Se film n’est pas construit comme gladiateur par exemple sa ses claire , le début m’aver donner envie de stopper le film , mes frenchement sa se laisse regarder , la scène avec les dieux en or est juste mitique , il invente, il se loupe , pour moi loin d’être un nanard ses un film à regarder qui a pour lui une bonne imagination
« Pour le dire vite, je dirais pour ma part que le film 300 n’est pas animé par une idéologie raciste, mais l’imaginaire qu’il charrie dans son sillage est par bien des aspects vraiment limite – et toute la nuance est là, entre idéologie (= expression consciente d’un propos politique clair et verbalisé, ce que le film n’a pas) et imaginaire (= expression d’un inconscient individuel ou collectif produisant des images et des mythes et mettant en oppositions des entités pour produire des valeurs voire de la morale, et oui c’est une matière beaucoup plus élastique et complexe). »

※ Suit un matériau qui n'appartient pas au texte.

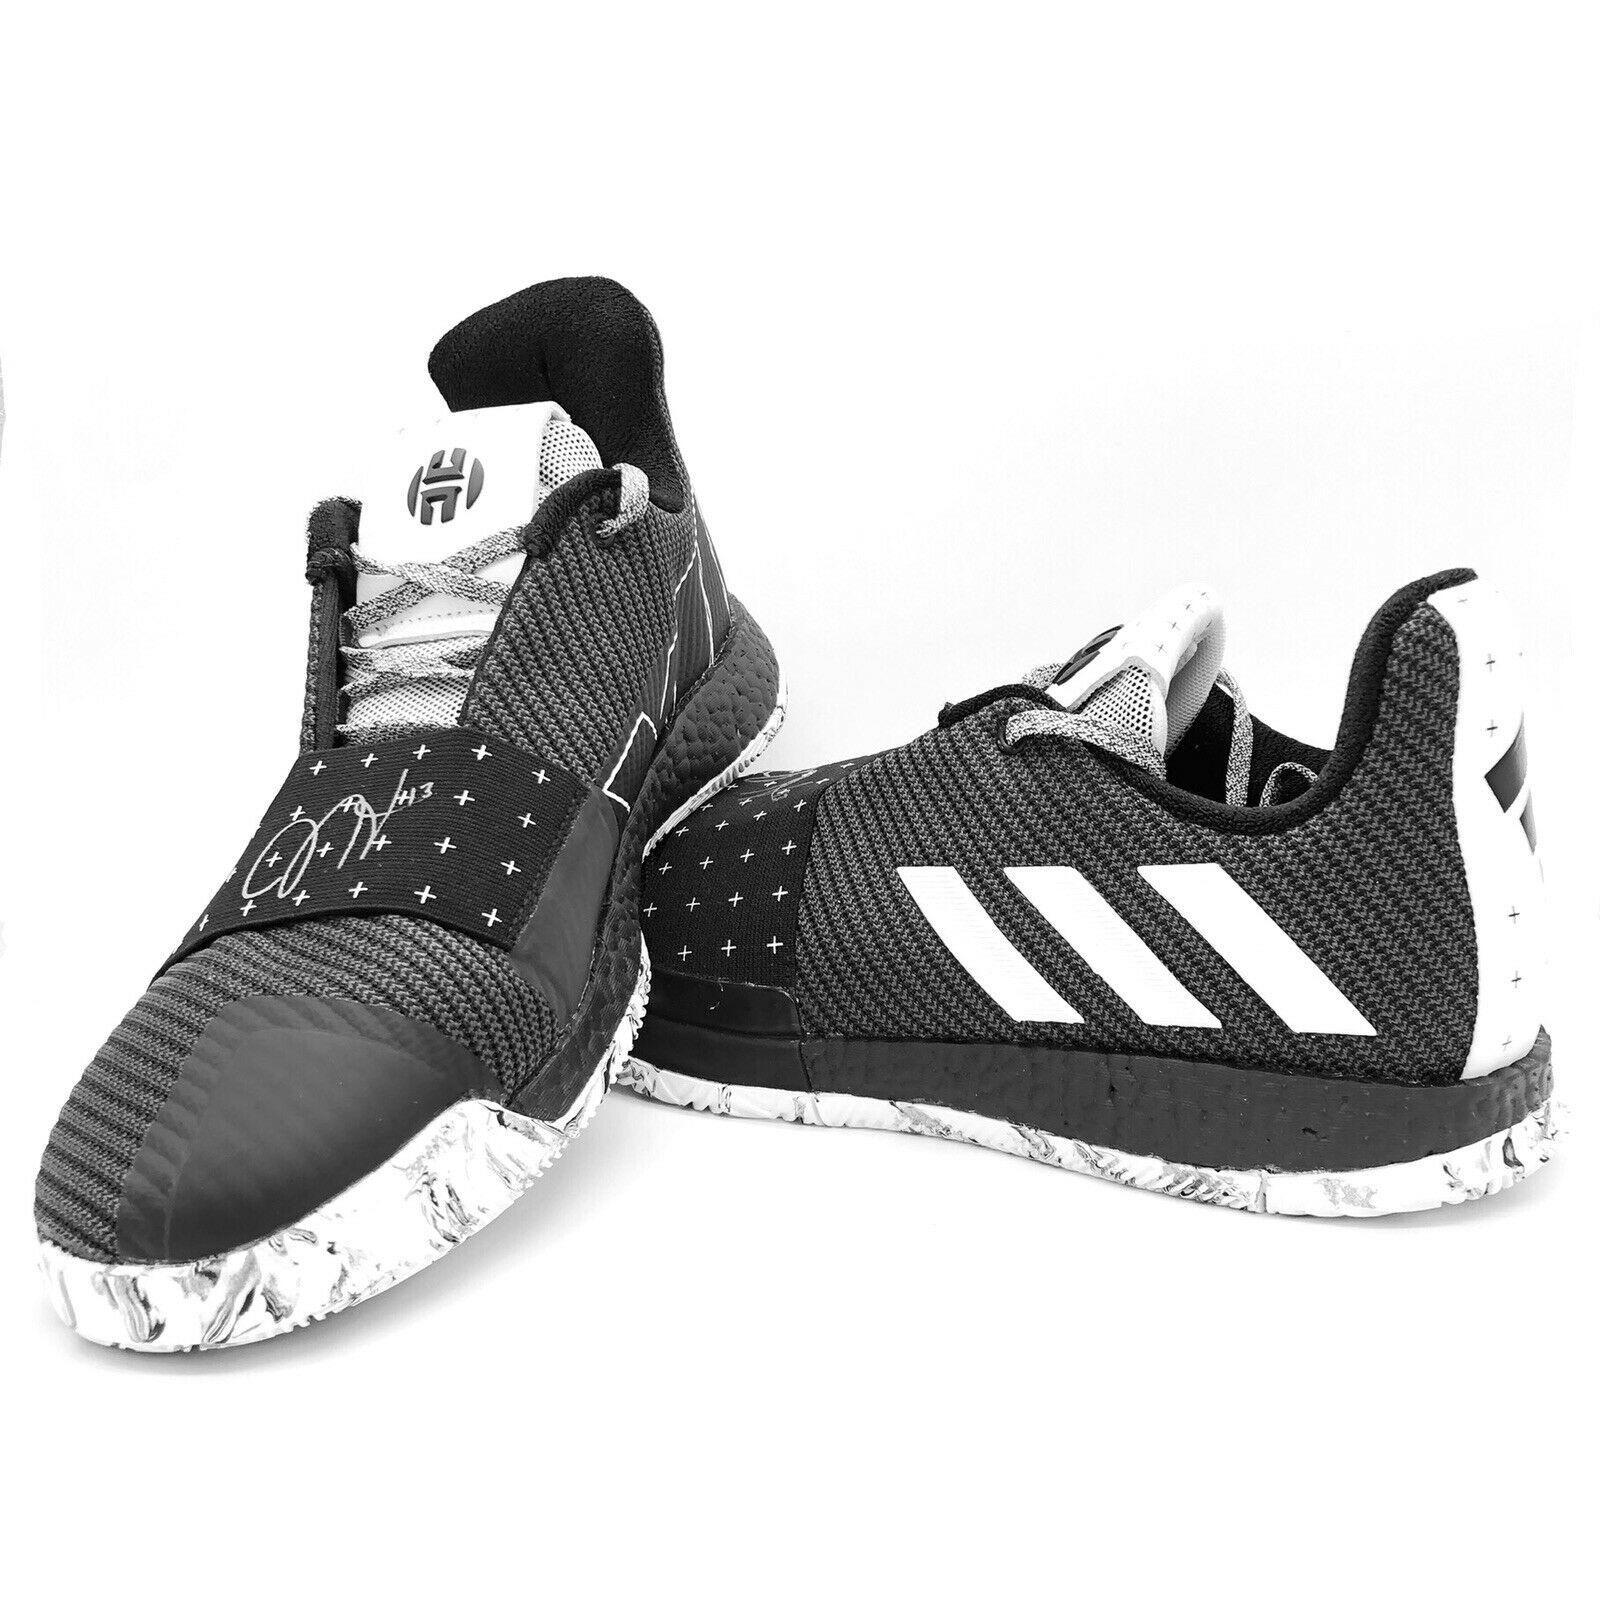 Adidas Harden Vol 3 Black White

Et bah ça fait beaucoup de mots inutiles pour pas avoir à dire que comme le casting est pas multicolore du côté des spartiates ça vous a pas plu (et pourtant ça respecte une certaine cohérence historique, et Snyder est loin de ne pas mettre en avant toutes les diversités dans ses films).
@Jason Bourne
Peut-être que mon intro n’était pas claire, mais c’est une liste de reproches souvent adressés à 300, pas l’expression d’une opinion de la rédaction (qui est d’ailleurs je crois assez partagée sur ce film mais j’ai pas fait de sondage), ni de ma propre opinion.

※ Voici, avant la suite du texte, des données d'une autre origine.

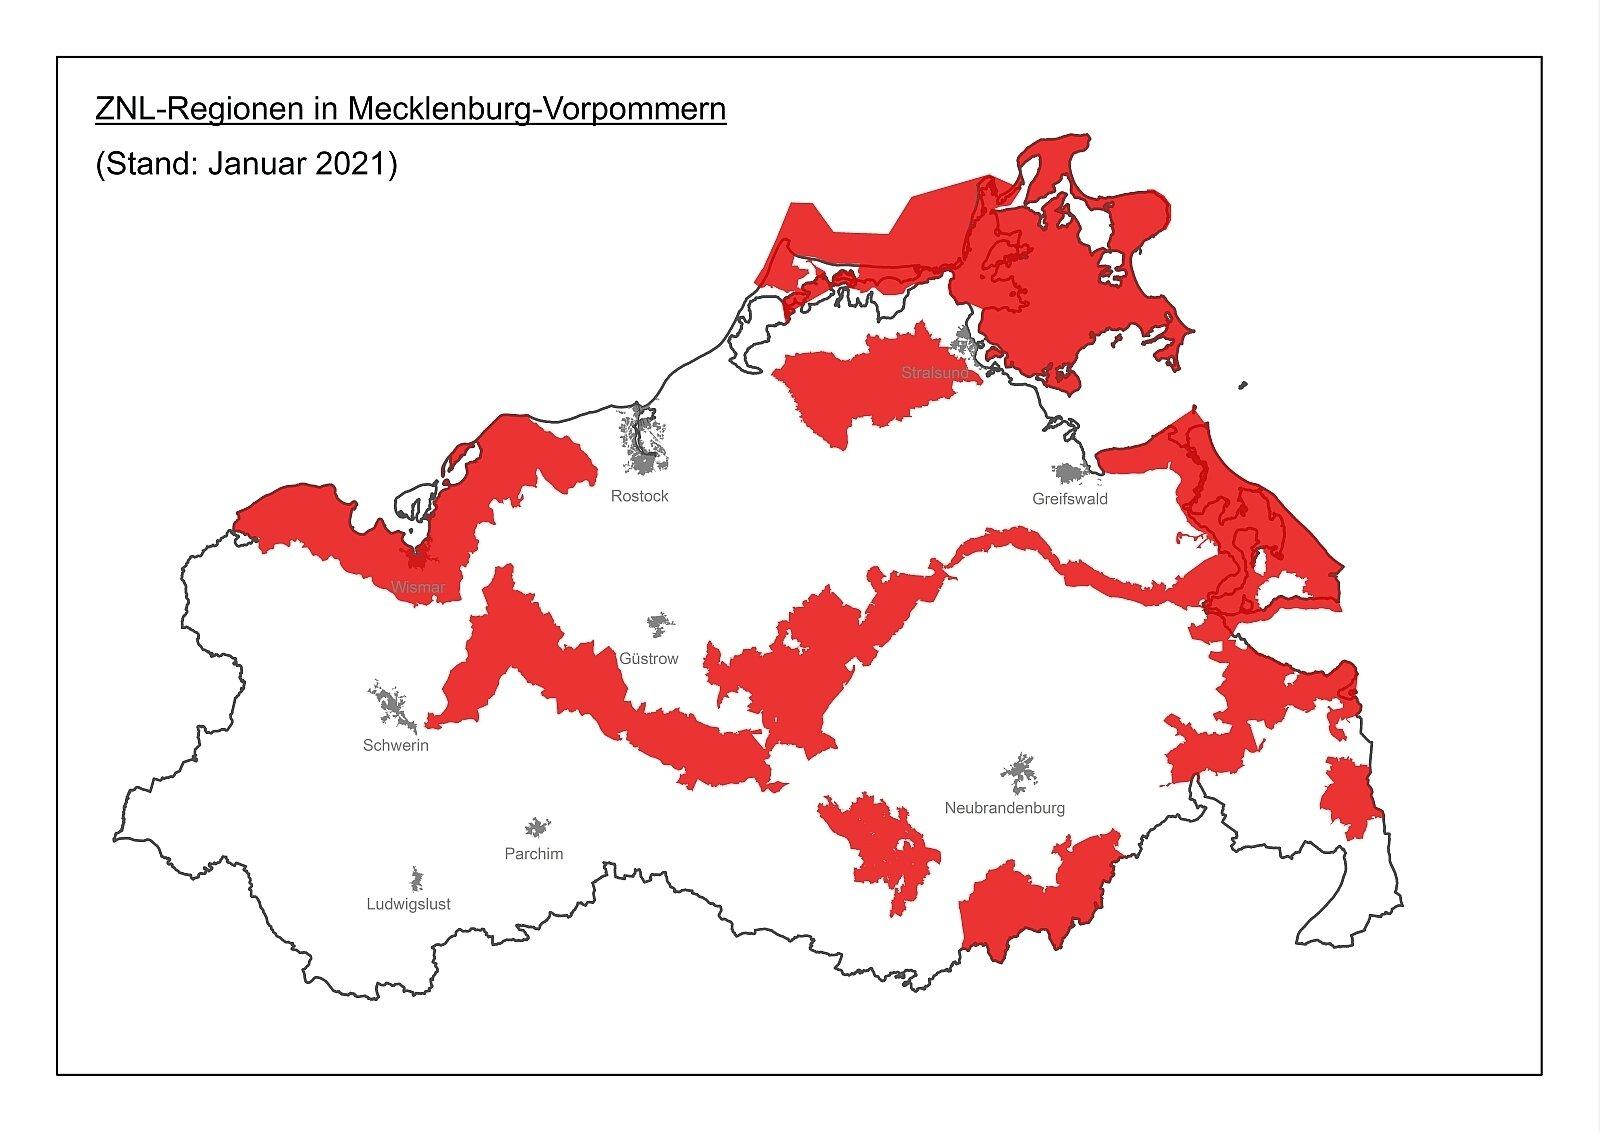 znl regionen mv stand januar 2021

Cela dit je ne vais pas me cacher derrière mon petit doigt et vous répondre quand même : pour moi, c’est à la fois un reproche que je trouve un peu « facile » et en même temps je comprends tout à fait d’où il vient et le trouve légitime. Pour le dire vite, je dirais pour ma part que le film 300 n’est pas animé par une idéologie raciste, mais l’imaginaire qu’il charrie dans son sillage est par bien des aspects vraiment limite – et toute la nuance est là, entre idéologie (= expression consciente d’un propos politique clair et verbalisé, ce que le film n’a pas) et imaginaire (= expression d’un inconscient individuel ou collectif produisant des images et des mythes et mettant en oppositions des entités pour produire des valeurs voire de la morale, et oui c’est une matière beaucoup plus élastique et complexe). Je précise par ailleurs qu’en ce qui me concerne, ça me peine de dire ça parce qu’à la base j’aime plutôt bien 300. Je prends le temps de vous répondre plus complètement en arrivant devant un ordi, la question est très intéressante et là sur mon téléphone dans un RER c’est un peu pénible.

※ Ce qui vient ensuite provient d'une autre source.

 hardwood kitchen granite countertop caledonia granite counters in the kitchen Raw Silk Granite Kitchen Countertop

C’est un très bon film, je ne suis pas d’accord. L’un des meilleurs de ces dernières années sur la mythologie. A voir et à revoir, de très bons acteurs et une superbe mise en scène
Le film ne m’a pas laissé de souvenir particulier, hormis la scène finale de baston entre les dieux en jupette et les titans qui s’échappent de la cage. Violence crue et brute, des morts des deux cotés, j’ai surkiffé. Rien que pour cette scène le film est à voir.